Personal information
- Full name: Peter Laurence Bowring Stoddart
- Born: 24 June 1934 Regent's Park, London, England
- Died: 19 April 2019 (aged 84)
- Batting: Right-handed

Domestic team information
- 1958: Marylebone Cricket Club
- 1955–1967: Buckinghamshire

Career statistics
| Competition | First-class | List A |
| Matches | 1 | 1 |
| Runs scored | 22 | 0 |
| Batting average | 11.00 | 0.00 |
| 100s/50s | –/– | –/– |
| Top score | 22 | 0 |
| Balls bowled | – | – |
| Wickets | – | – |
| Bowling average | – | – |
| 5 wickets in innings | – | – |
| 10 wickets in match | – | – |
| Best bowling | – | – |
| Catches/stumpings | –/– | –/– |
- Source: Cricinfo, 7 May 2011

= Peter Stoddart =

English cricketer (1934–2019)

Peter Laurence Bowring Stoddart (24 June 1934 - 19 April 2019) was an English cricketer. Stoddart was a right-handed batsman. He was born in Regent's Park, London and was educated at Sandroyd School in Wiltshire and then Eton College, where he captained the college cricket team.

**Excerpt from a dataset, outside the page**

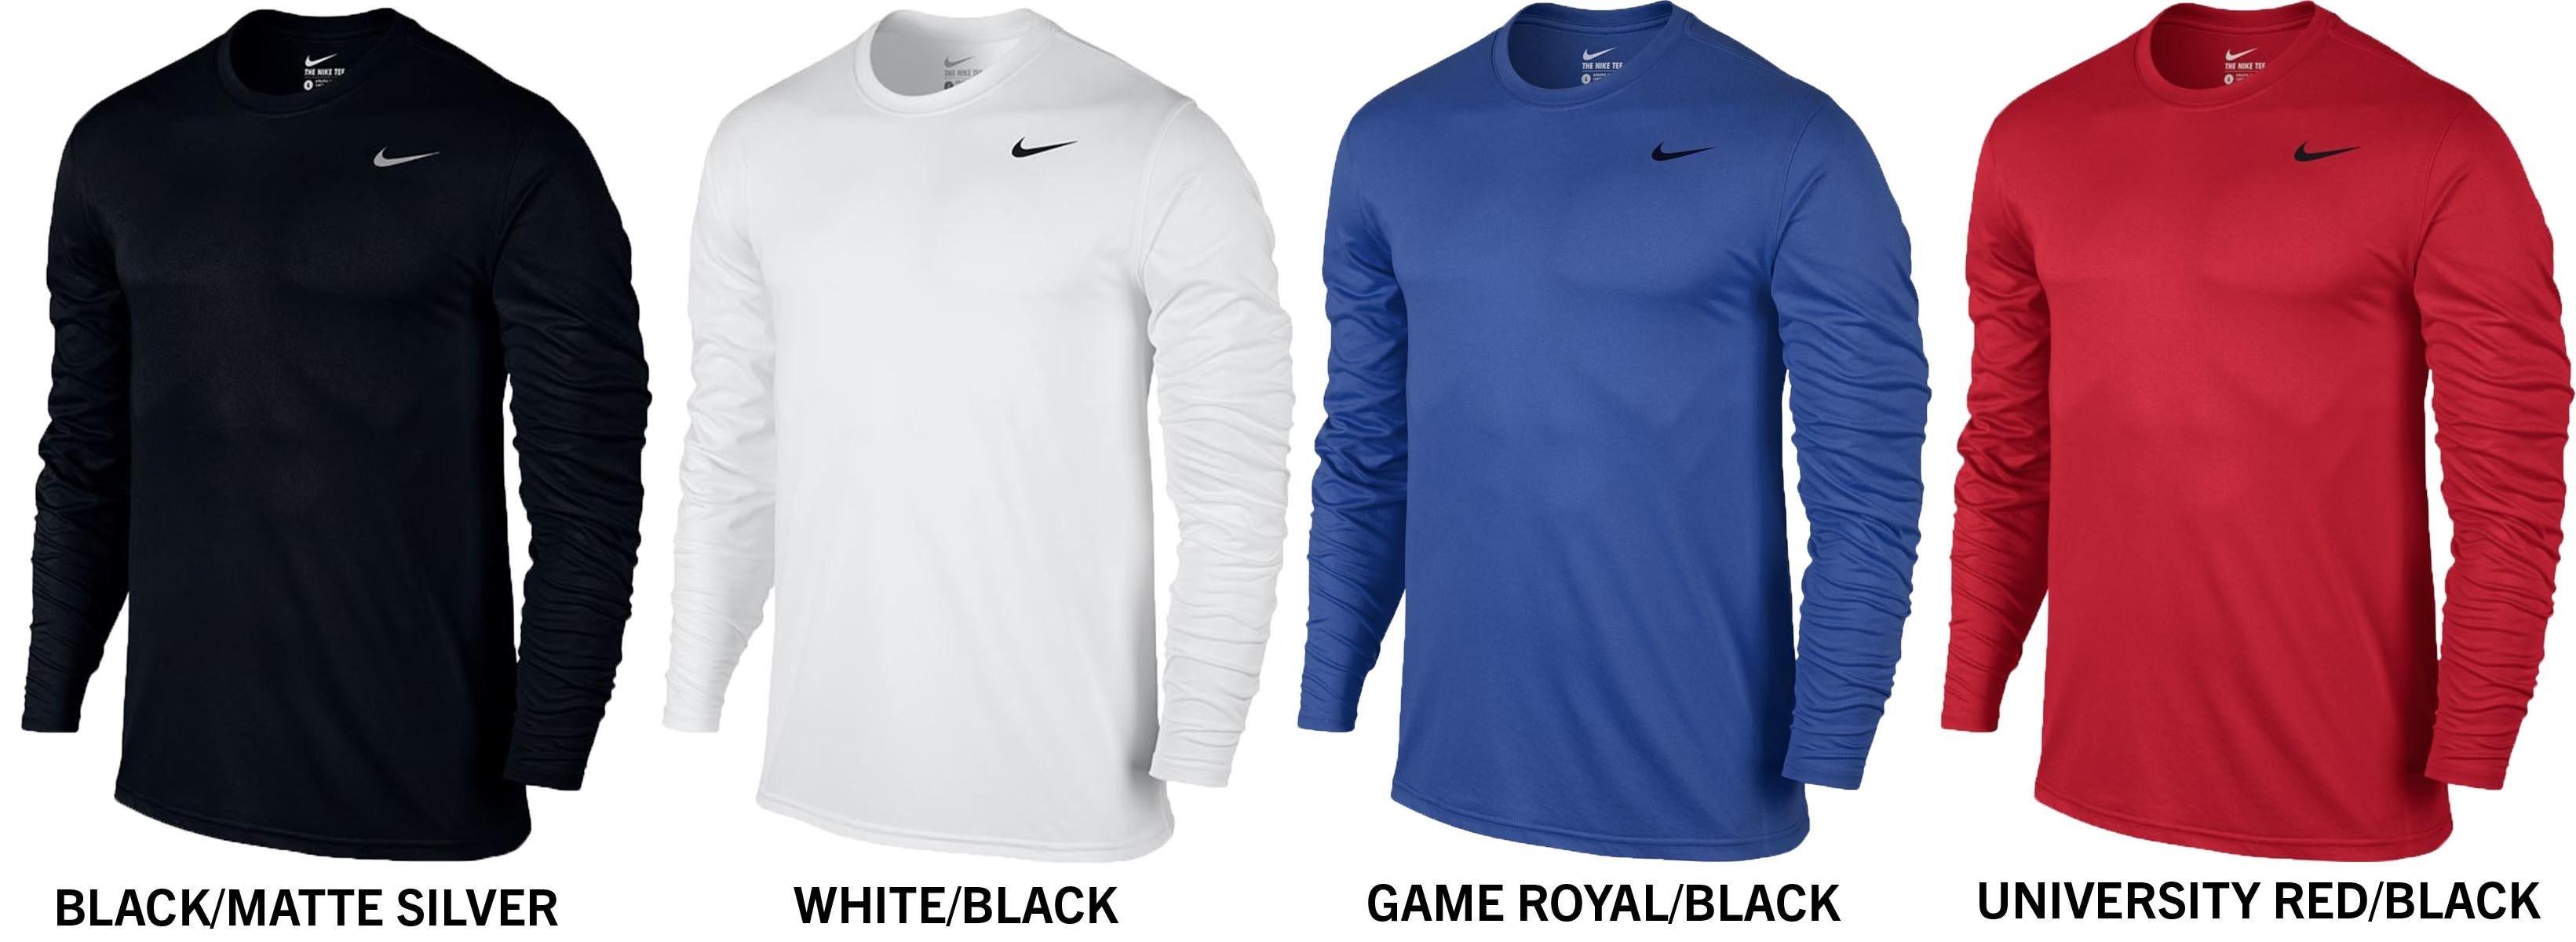 Details about Men's Gray Nike Dri Fit Shirt Nike Legend 2.0 Men's Training T Shirt *SIZE M*

Stoddart made his debut for Buckinghamshire in the 1955 Minor Counties Championship against Norfolk. Pickett played Minor counties cricket for Buckinghamshire from 1955 to 1967, which included 77 Minor Counties Championship matches. In made his only List A appearance for Buckinghamshire against Middlesex in the 1965 Gillette Cup. In this match he was run out for a duck.

Stoddart also played a single first-class match for the Marylebone Cricket Club against Ireland in 1958. In the match he scored 11 runs in the MCC first-innings, before being dismissed by Joseph Burke, and in their second-innings he was dismissed for 11 by Scott Huey.